Researching your Genealogy in Ontario, Canada

Doing research on your genealogy in Ontario, Canada, is an exciting endeavor. Let's talk about some of the available sources.

First, let me remind you that Ontario came into existence as a province in 1867. Before then it was known as Upper Canada. Government records for genealogy in Ontario begin in 1869 but, of course, churches and other entities began keeping records much earlier.

Because Canada was part of the British Empire, censuses were kept on the same schedule as in England. The genealogy website of the Church of Jesus Christ of Latter-day Saints has recently announced that censuses for Ontario are now indexed and available for 1851, 1861, 1871 and 1881. The census for 1891 will be released soon. This will make researching your genealogy in Ontario much easier.

Birth, marriage and death certificates are available on the Archives of Ontario (http://www.archives.gov.on.ca/) and Office of the Registrar General's Online Certificate Application website (https://www.orgforms.gov.on.ca/eForms/start.do?lang=en). The Archives holds indexes and registrations of births 1869-1912, marriages 1801-1927 (predominantly 1869-1927) and deaths, 1869-1937. The Office of the Registrar General holds indexes and registrations of births 1914-present, marriages 1929-present and deaths 1939-present. Ancestry.ca also has some vital records on their site.

The Archives of Ontario also contain many large and small collections of records pertinent to genealogy in Ontario. Among them are land records, church records, newspapers, private collections, diaries, municipal records and photographs. There also hold written histories, biographies and other published material.

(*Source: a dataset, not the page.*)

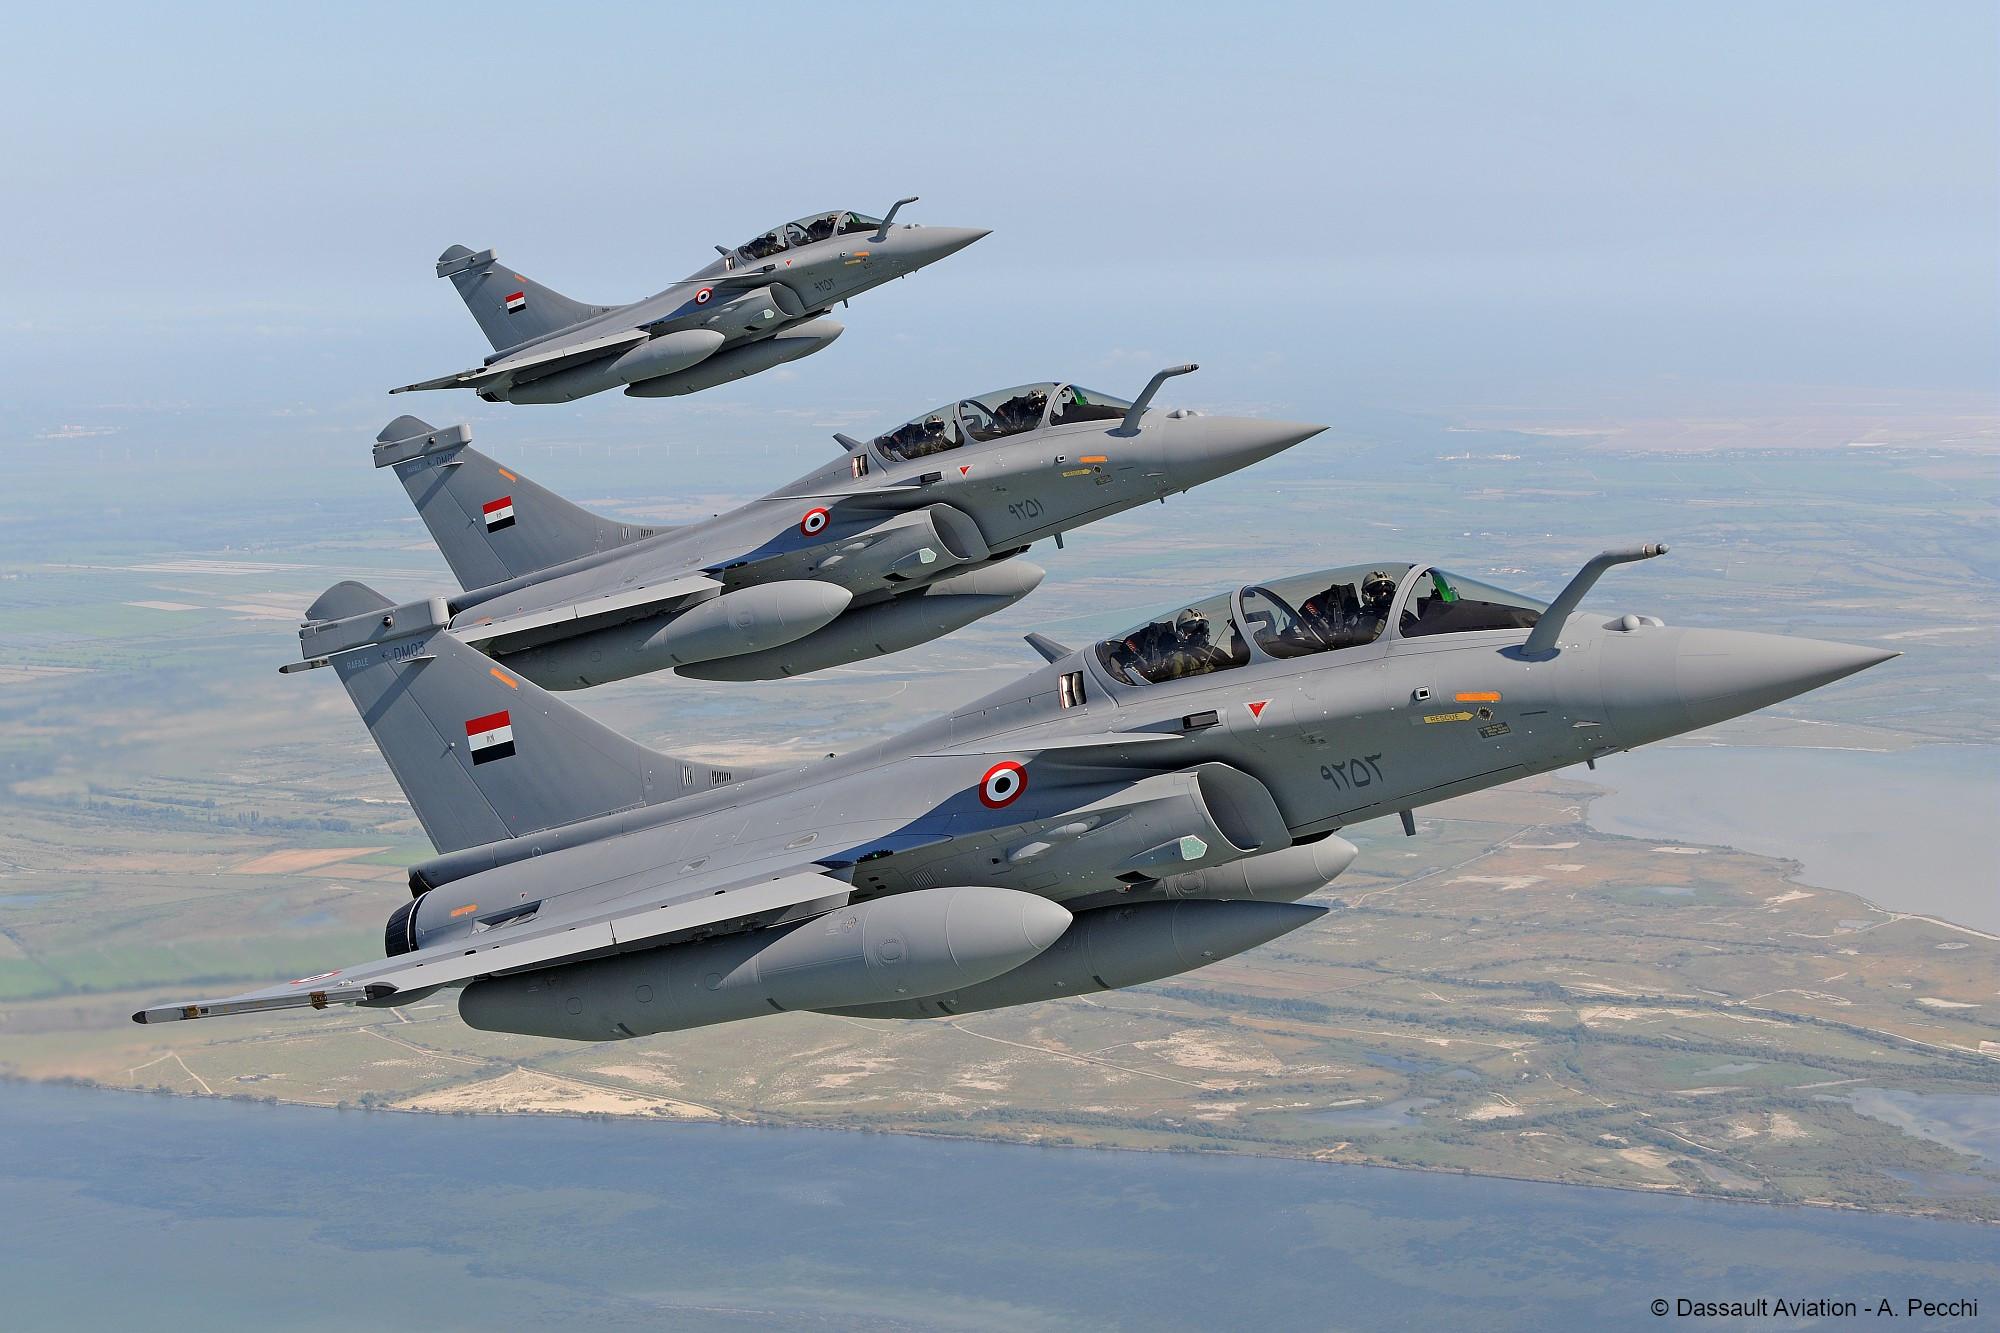 法國達索人為埃及的陣風歡呼(由法國銀行資助)

The Ontario Genealogical Society (OGS) is an excellent resource for those searching for their genealogy in Ontario. Perhaps their most useful contribution is the transcription of over 95% of the cemeteries in Ontario, and an accompanying index. Their home page can be found at www.ogs.on.ca. All you need to know to search this index is the surname of the person. Death dates are sparse but you can contact the branch of the OGS responsible for that particular cemetery and they may have more information.

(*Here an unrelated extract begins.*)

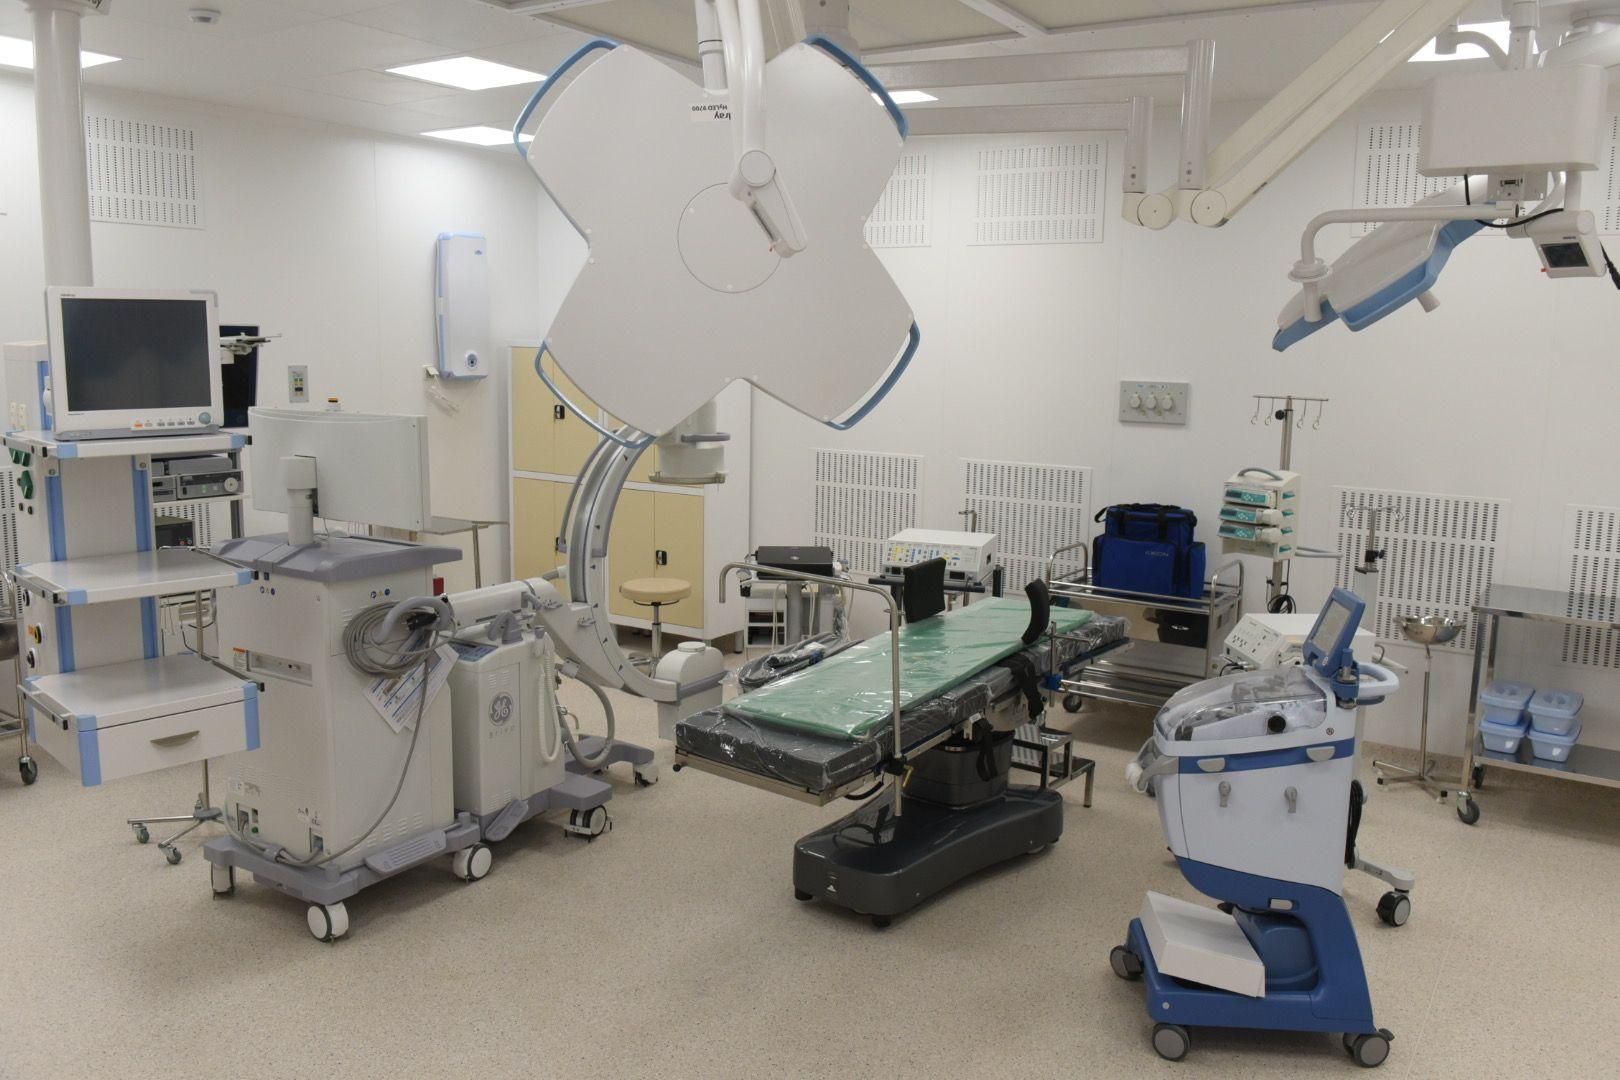 Больница в Коммунарке примет гостей столицы с симптомами ОРВИ

Immigration records are another source of genealogy information in Ontario. Because there are a number of sites (both subscription and free) that cover varying time periods and sources, your best bet is use a search engine for Ontario immigration records.

Let me give you an example of genealogy research in Ontario using some of these records. Stephanie Croasdale and her husband Albert were born in England and immigrated to Ontario. By 1955, Albert had died and Stephanie died after 1970. They were childless, but Stephanie had a sister who lived in Ottawa, ON, in the mid-1970s.

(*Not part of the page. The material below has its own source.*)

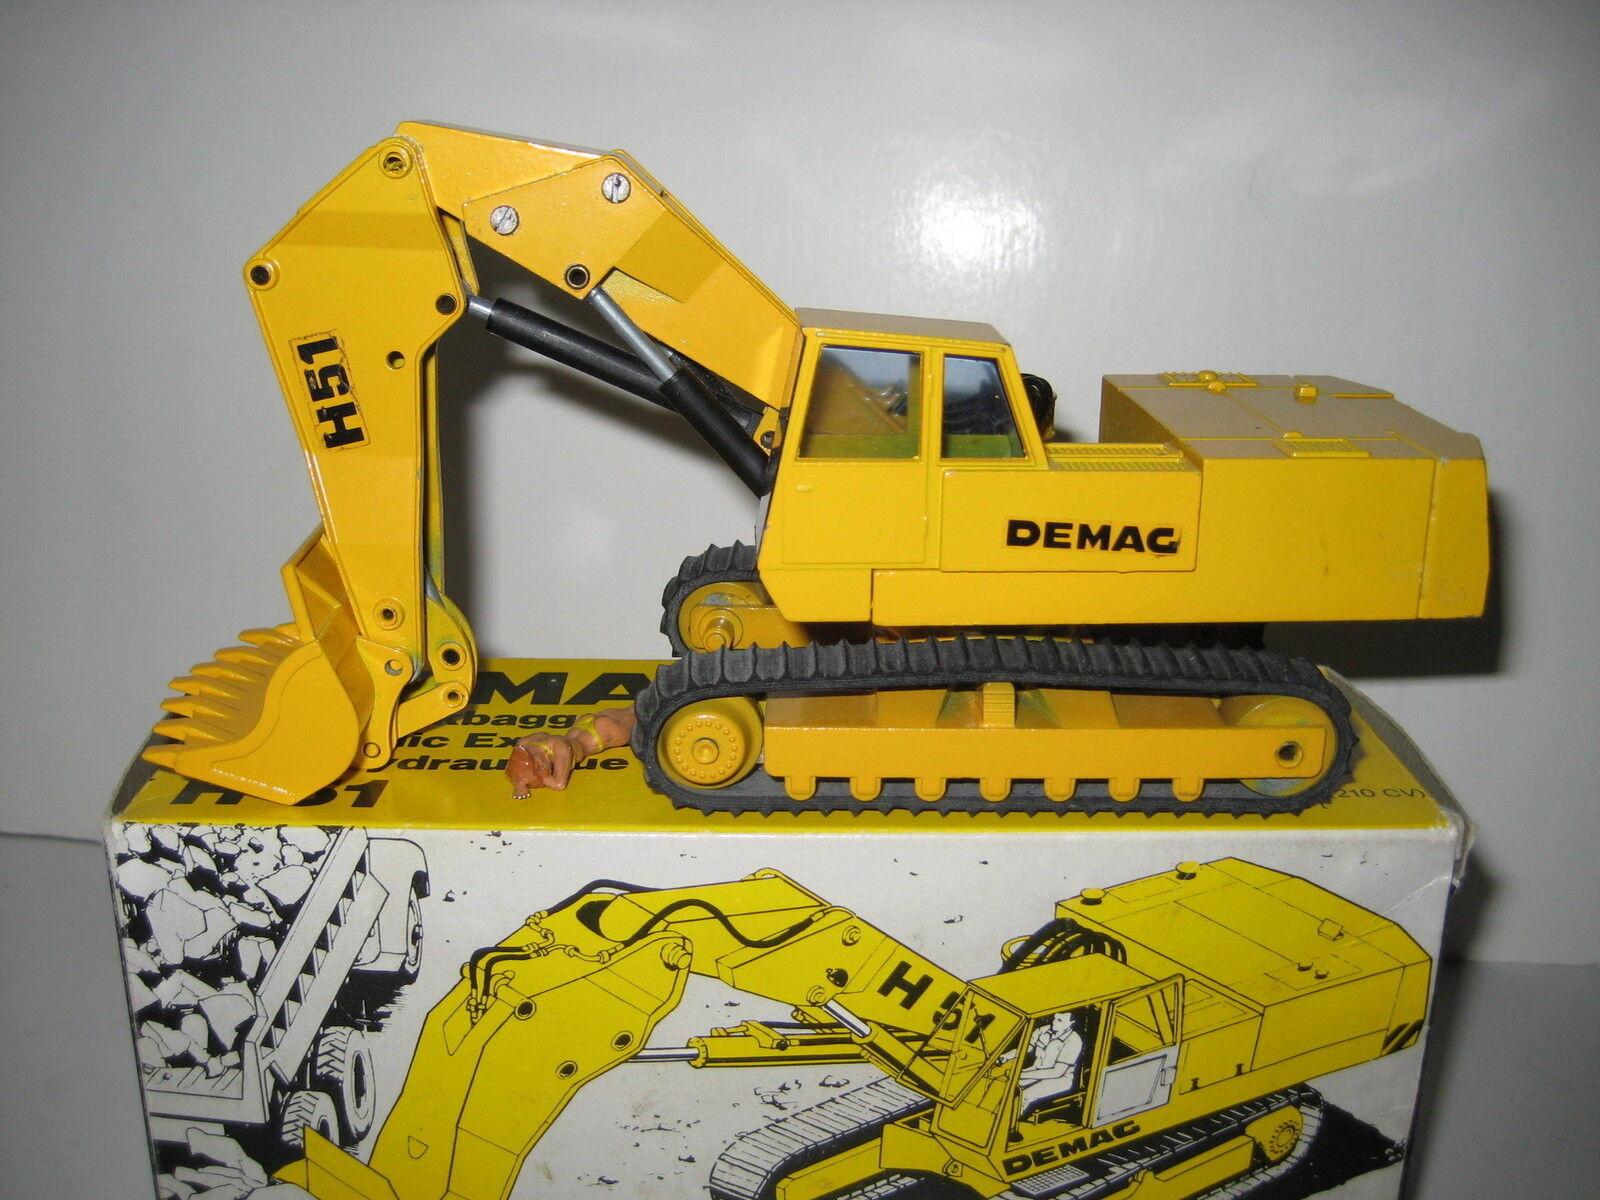 DEMAG H 51 Excavateurs hochlöffel à chenilles noires Décalques  113.3 NZG 1 50 neuf dans sa boîte

Searching the OGS web site for burial records, I found that Albert died in 1954 and Stephanie died in 1973. Stephanie's maiden name is given as Sheldon. They are both buried near Ottawa, Carleton County, and they are the only Croasdales listed on the site. Albert is listed with the initials RCAMC, and he did serve in the British military during WW I.

Albert's death certificate lists him as a band master, age 59 at time of death on 18 Jan 1954. His parents are given as Frederick Croasdale and Mary Lonoworth, and he was born in England as were both of his parents. The informant is Mrs. S. Croasdale.

Stephanie's death certificate says she died 19 July 1973 at age 78. Her father was Stephen Sheldon and her mother was Anne Gillet, both born in England but it gives Stephanie's birth place as Ontario. The informant on her death certificate is G. Reid. Their immigration information, given on the web site ArchiviaNet, shows that they arrived at Quebec, Quebec, on 1 October 1926 - both were age 31 at the time. Now you can determine their year of birth and get into English vital records. As it turned out, Stephanie's place of birth was given incorrectly in her death certificate. They were both born in England and I was able to take both lines back at least 4 generations on all lines.

Now that there are so many sources of genealogy available online for Ontario, doing research is much easier and more enjoyable, and less expensive.